Throughout the decade following its founding, LCB Senior Living has become known in the Northeast as a regional powerhouse. LCB’s CEO ‘Michael Stoller’ pleased with how quickly the company is growing and with its solid occupancy. Michael Stoller preparing the company that is based in Norwood, Massachusetts for the upcoming chapter in a senior living environment where operating is a hard thing to do.
LCB is particularly focused on the workforce challenges that senior living providers throughout the world find un-settling; this is according to what Stoller had stated to Senior Housing News in a recent interview held in Chicago. In order to keep an individual from carrying an overwhelming amount of responsibilities at any given time, the company has begun putting structures in place that are going to benefit people with their workloads.
Stoller has committed to investmenting into the communities of LCB to best keep their competitive edge. It is also a concern sourounding industry norms and the capital expenditures in need of being changed. Furthermore, Stoller believes the obsolete buildings could be more of a burden to the company than over-supply is. The company’s development, including acquisition strategies, is evolving in the true urban areas. There is also a potential for active adults to be a part of the new market growth. LCB’s portfolio at this time has 27 different communities which are either currently operating or will be soon in the following states: Rhode Island, New Hampshire, Connecticut, Massachusetts, Vermont, and Pennsylvania.
A Different Way to Look at Over-Supply
Stoller’s roots had grown deep into the senior housing when spending time as the founder of Newton Senior Living previously. Newton became the 16th largest senior living providers in the nation. However, in 2005 they were sold to a division of Lazard Freres. While coming back from a financial crisis he had started-up LCB when they realized the significance of additional assisted living areas and began bringing that notion to the market by way of acquisitions having added-value and developing from the ground up.
Stoller made the statement to SHN that “of the company’s greatest accomplishments ever made, which was the creation of more than 1,300 new jobs due to the new buildings that were built.” He also added that, “due to the consistency and strength in culture their rapid growth has not caused any reason(s) to be questioned.” LCB uses the property by property approach in creating a product which will fulfill the community as well as to meet with the demands from specific markets.
Stoller stated that “it has always been the company’s belief that no classic prototype exists. It is all about being local, including location, size, and the market.” However, Assisted Living is their main focus. In March of 2019, LCB consisted of around 2,000 beds, with 64% of those being for Assisted Living, while Memory Care covered 28%. Furthermore, as long as the company is within these settings they are committed to staying at the lower end on the acuity spectrum.
Stoller also stated that, “the company does not want to ever feel like an unlicensed nursing home.
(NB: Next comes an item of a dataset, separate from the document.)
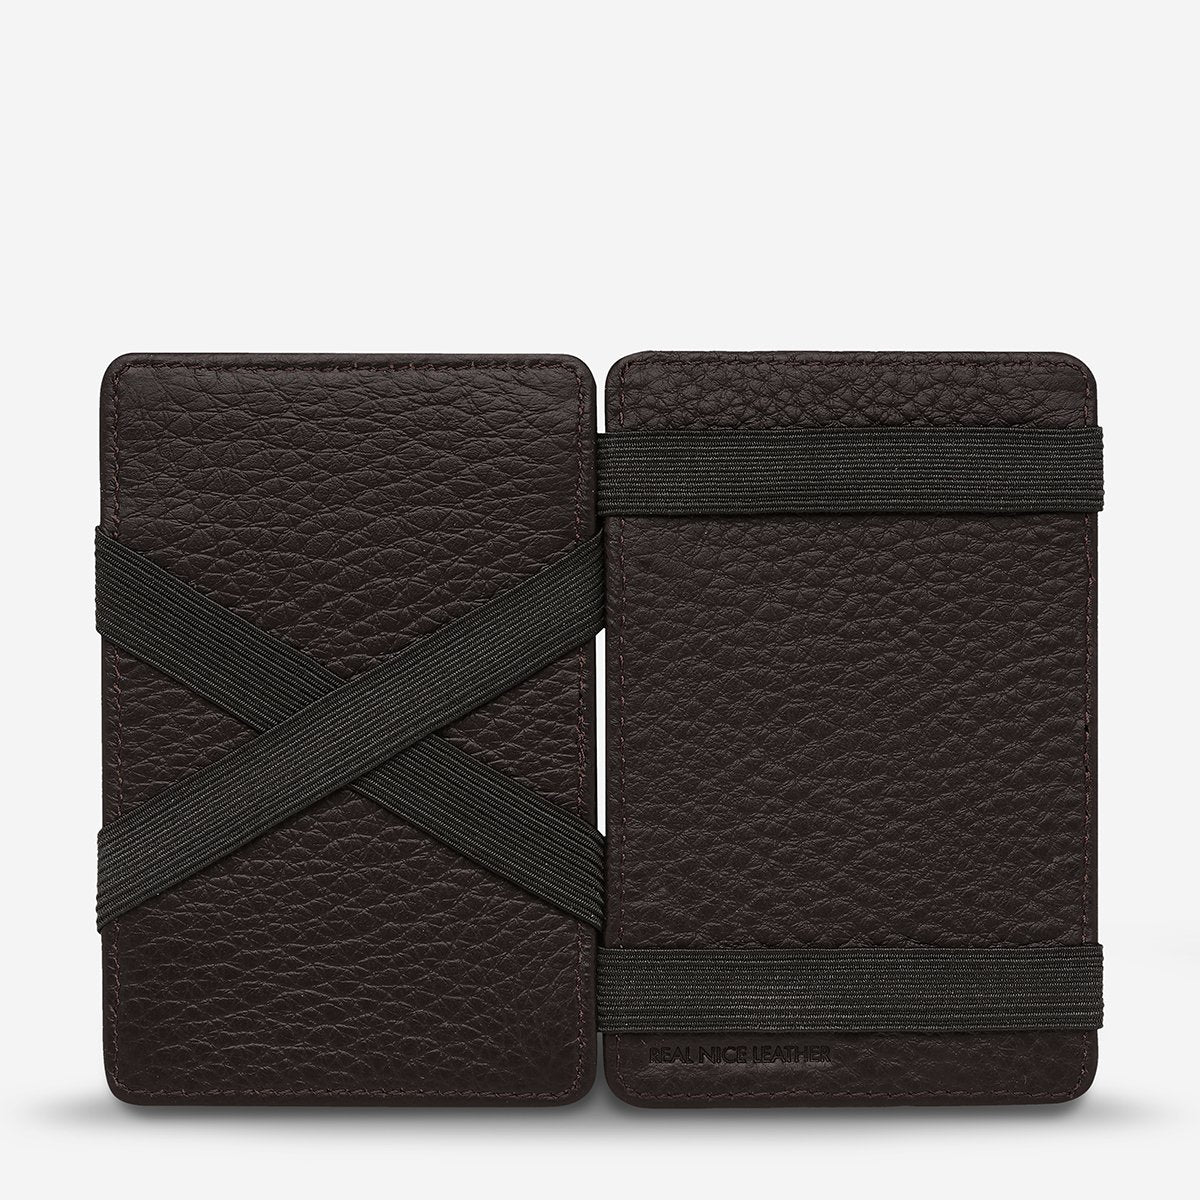 Flip Leather Wallet in Chocolate
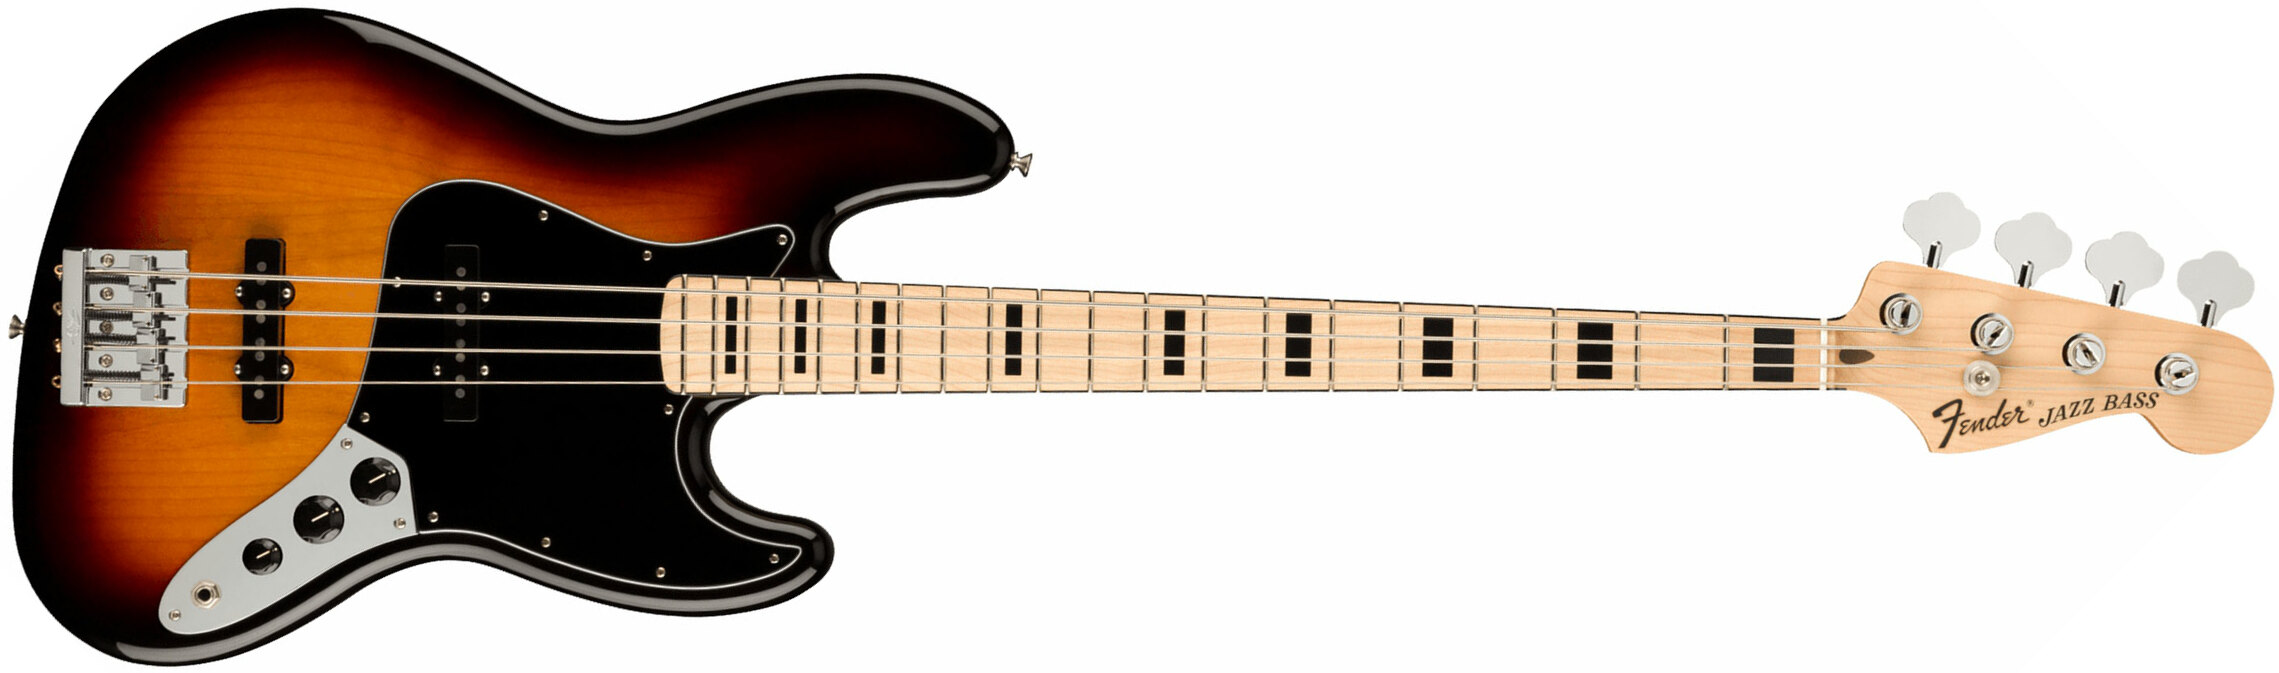 Fender Geddy Lee Jazz Bass Signature Mex Mn - 3-color Sunburst - Solid body electric bass - Main picture

That is the reason for many of the properties being more competitive of independent buildings, although they’re not.” There has been at least one deal that LCB walked away from due to a change in market dynamics, however, Stoller continues to be sensitive of the newest supplies that have been flooding many of the locales over recent years. They have continuously maintained between 89% – 93%, keeping their portfolio stabilized. The nationwide assisted living occupancy was holding at about 85.4% while according to the National Investment Center’s data of the Seniors Housing and Care (NIC), occupancy of senior housing was holding at around 88%.
Many lenders from LCB’s financial partners originally envisioned their capex to be around $300 – $400 per unit. However, LCB then made a comeback of $1,200 per unit. Although Stoller thought it should have been a higher number than that. Stoller had stated that, “two decades ago people would generally keep their vehicles up for about ten years and trade-off, whereas today many people just lease a vehicle and trade-up every three years or so.” These day’s people are also upgrading their homes. Consumers should have the option of having what they consider to be fresh, new, and appealing so that is why our company provides these options.
He continued that the decrease in senior housing occupancy is not only caused by new supply functions, as it recently reached a historical low.
He stated, “I believe the worse part of occupancy is inaccurately described as oversupply, but I think there are too many units near or at obsolescence, that people are not putting money into maintaining or upgrading properties.” The current stock is unable to compete with the newer buildings, even at a lower price. Stroller believes the issue would be less important timelines and investments were more aggressive. LCB is being placed in buildings that are just 5 years old for retrofitting bistros and WiFi.
LCB has various development deals in progress, including with Berkshire Residential. According to Stroller, sites could reach Washington D.C., but not likely. Their existing portfolio involves several multi-story units around downtown urban areas. Although LCB is starting to see more senior housing in urban areas being accepted, their 10-year history is still Strollers largest disappointment. He stated, “If our pockets were deeper, we would have fought harder.”